NBP repress the activity and translocation of NFATc1 (A–F) Expression of mRNA for Nfatc1, Fos, Ctsk, Mmp9, Atp6v0d2, Acp5 in osteoblasts after RANKL induction. (G) Representative images of Western blot demonstrate the impact of NBP on osteoclast-specific proteins (CTSK, c-Fos, NFATc1). BMM were interfered with RANKL in the absence or presence of 20 μM NBP for 0, 1, 3, 5 days. (H–J) The expression of the above mentioned proteins was analyzed quantitatively in relation to the β-actin. (K) Representative images of NFATc1 nuclear translocation in osteoclasts induced by RANKL (scale bar = 200 μM). (L) Quantification of the translocation of NFATc1. *p < 0.05,**p < 0.01,***p < 0.001 relative to the 0 μM NBP. All data of the bar are presented as the mean ± SD (n = 3 per group).
3.6 NBP interferes with the activation of the MAPK pathway induced by RANKL
The key osteoclastogenic MAPK and NF-κB pathways were evaluated. Western blotting revealed that NBP effectively inhibited p38 activation and phosphorylation at 5 and 20 min of RANKL stimulation and ERK phosphorylation at 10 min, while JNK phosphorylation showed no significant change (Figures 7A–D). Conversely, NF-κB pathway P65 phosphorylation and IκB-α expression were unaltered (Figures 7E–G).
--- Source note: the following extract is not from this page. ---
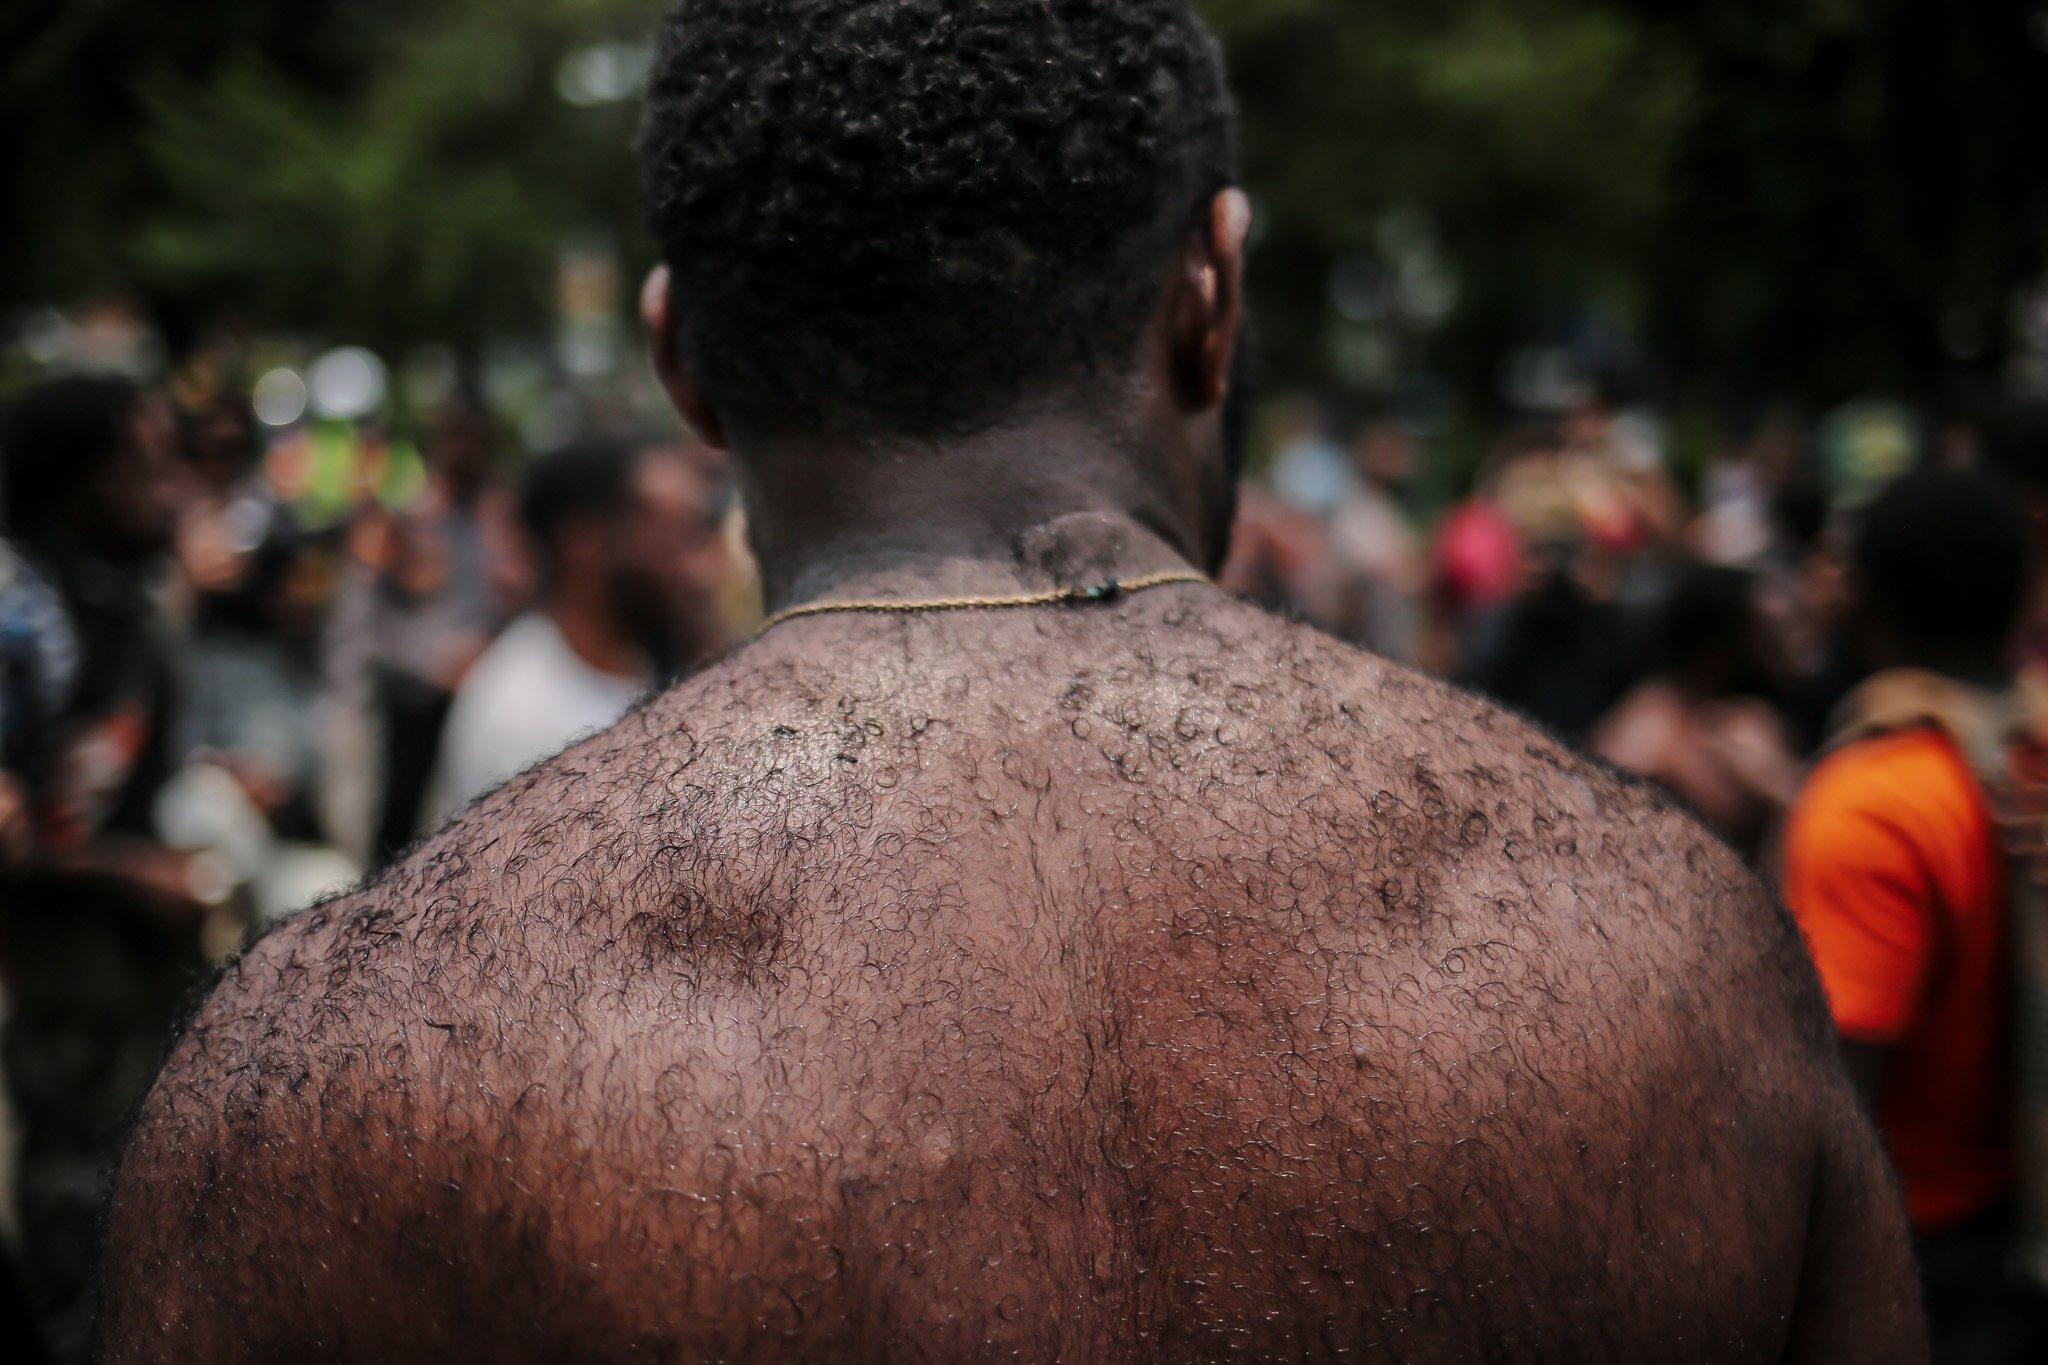 Sejumlah pengunjuk rasa yang tergabung dalam Aliansi Mahasiswa Papua (AMP) membuka baju saat diamankan pihak kepolisian pada aksi unjuk rasa peringatan Roma Agreement ke-59 di Depan Kedutaan Amerika Serikat, Jakarta, Kamis, (30/9/2021).

The results suggest that NBP inhibits osteoclastogenesis partially through the MAPK pathway rather than the NF-κB pathway.
FIGURE 7.
NBP inhibits MAPK signaling in osteoblasts following RANKL induction. (A) The expression of MAPK signaling pathway (p-ERK, ERK, p-P38, P38, JNK, p-JNK) and β-actin following NBP intervention were evaluated by Western blot. (B–D) The expression of the above mentioned proteins was analyzed quantitatively in relation to the β-actin. (E) The expression of NF-κB signaling pathway (IκB-α, P65, and p-P65) and β-actin following NBP intervention were evaluated by Western blot. (F,G) The expression of the NF-κB signaling pathway was analyzed quantitatively in relation to the β-actin. *p < 0.05, **p < 0.01, ***p < 0.001 relative to the 0 μM NBP. All data of the bar are presented as the mean ± SD (n = 3 per group).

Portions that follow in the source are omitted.